As Bill Cosby once said, the first few poops are cute. Then, God puts smell in the poo-poo. This latter also got my husband to admit “oh my god, he IS my son!!” (causing me to double over laughing and pop a stitch in a very sensitive location - ouch!).

Some of my own wisdom: Learn to nurse lying down, in a position where you feel safe that the baby won’t get squashed. For the first few months, this was the only way I got any sleep at all (see above. Baby had precisely 3 modes: eating, screaming, and being driven in the car. Note that none of these involve sleeping in the crib).

The first “solid” food us Americans are told to add is rice cereal. This has roughly the same effect on their output as mixing in a spoonful of quick-setting concrete. Therefore, pureed prunes are a recommended second solid food.

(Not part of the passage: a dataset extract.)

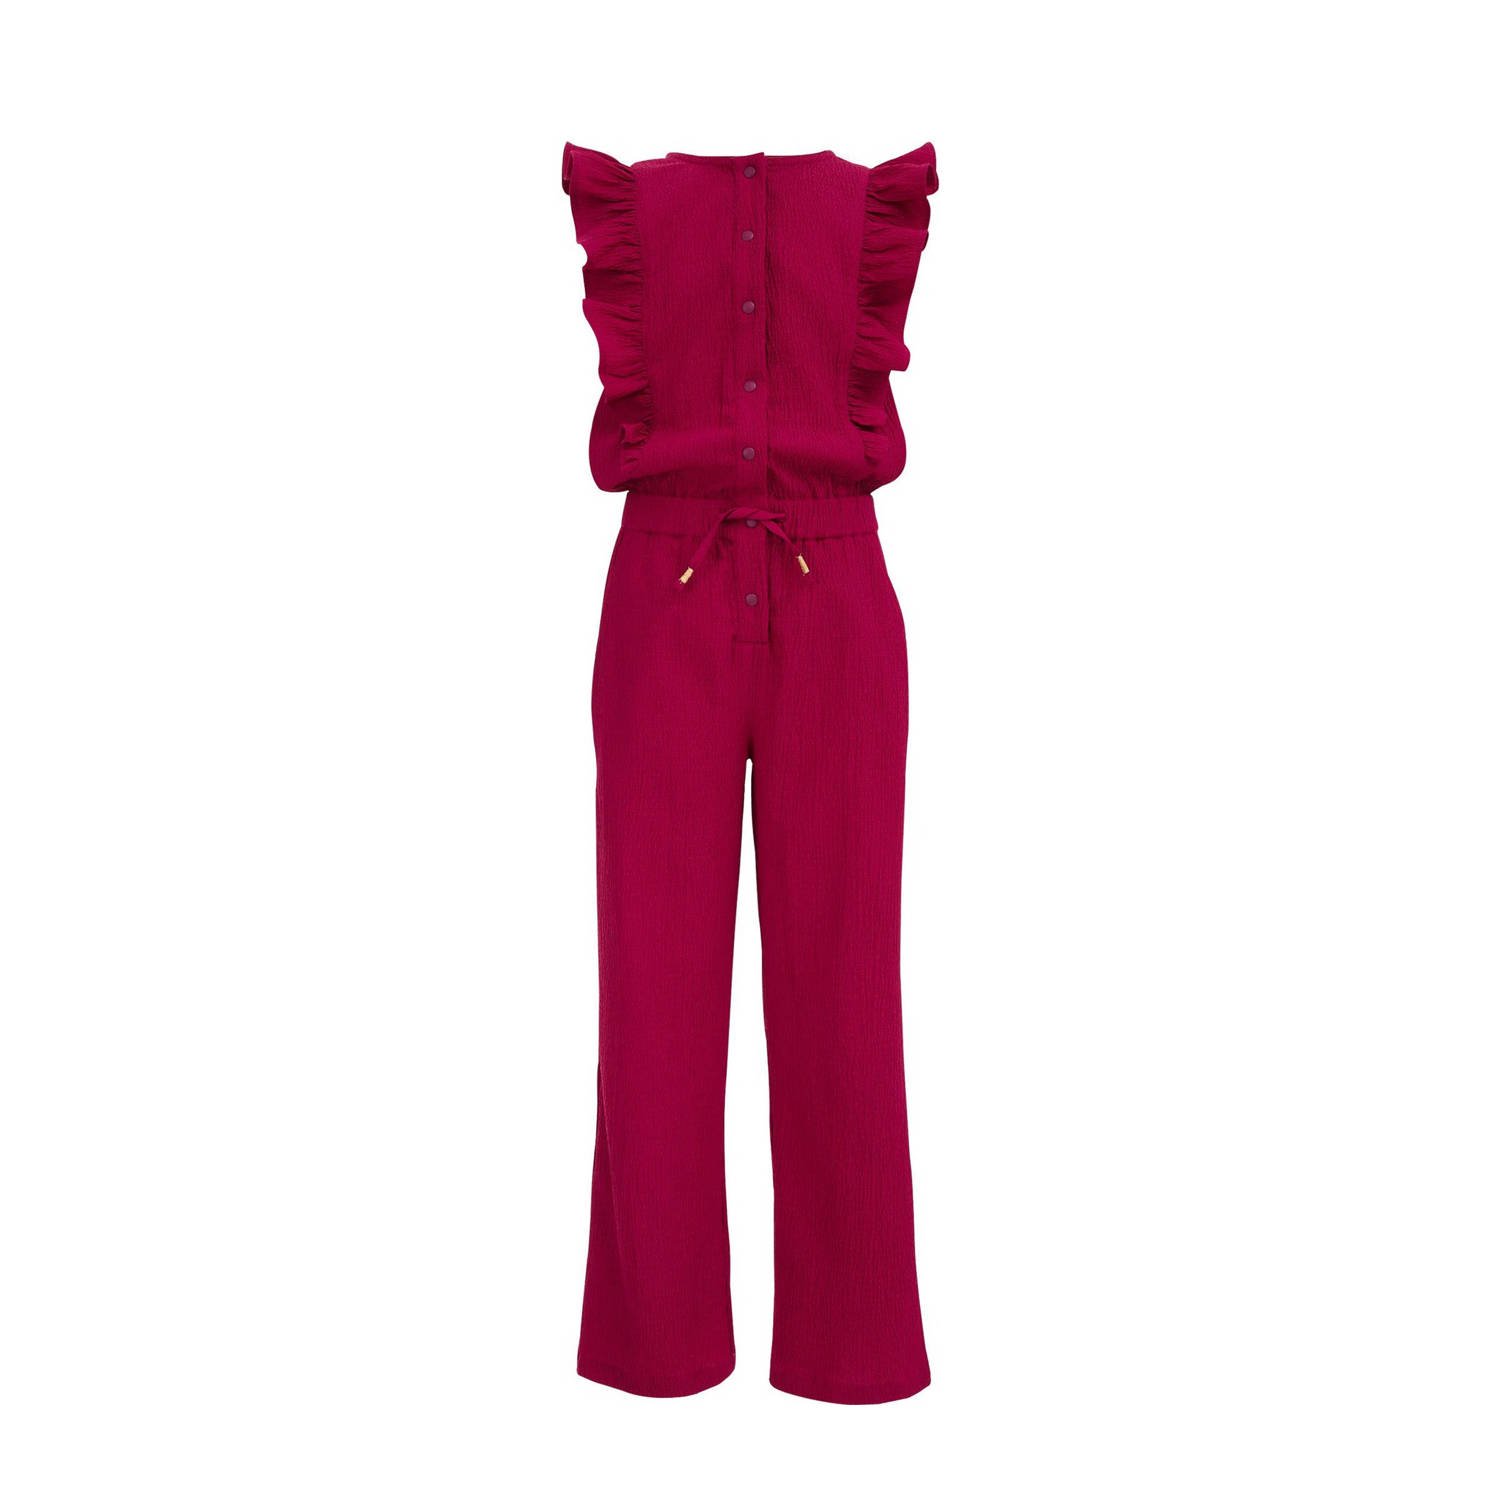 WE Fashion jumpsuit bordeaux rood Paars Meisjes Gerecycled polyester Ronde hals 116

This effect can also be offset by trying to encourage the baby to nurse so she’ll keep quiet while you’re on the phone with the guy who’s going to be your new boss when you go back to work.

However, when said baby is a bit older, and needs to poop while she’s in the highchair, the red face and grunting can be pretty damn funny.

Enjoy each stage of their lives. I know everyone says that, but it’s true. Infancy is such a special and short (in hindsight!! it seemed pretty interminable at the time) time of their lives, and they want to go off to college just 3 weeks later.

Yeah - if they have something distinctive, purchase spares as soon as you know what it is. And if you have any input on the process, offer things that can be washed without being destroyed.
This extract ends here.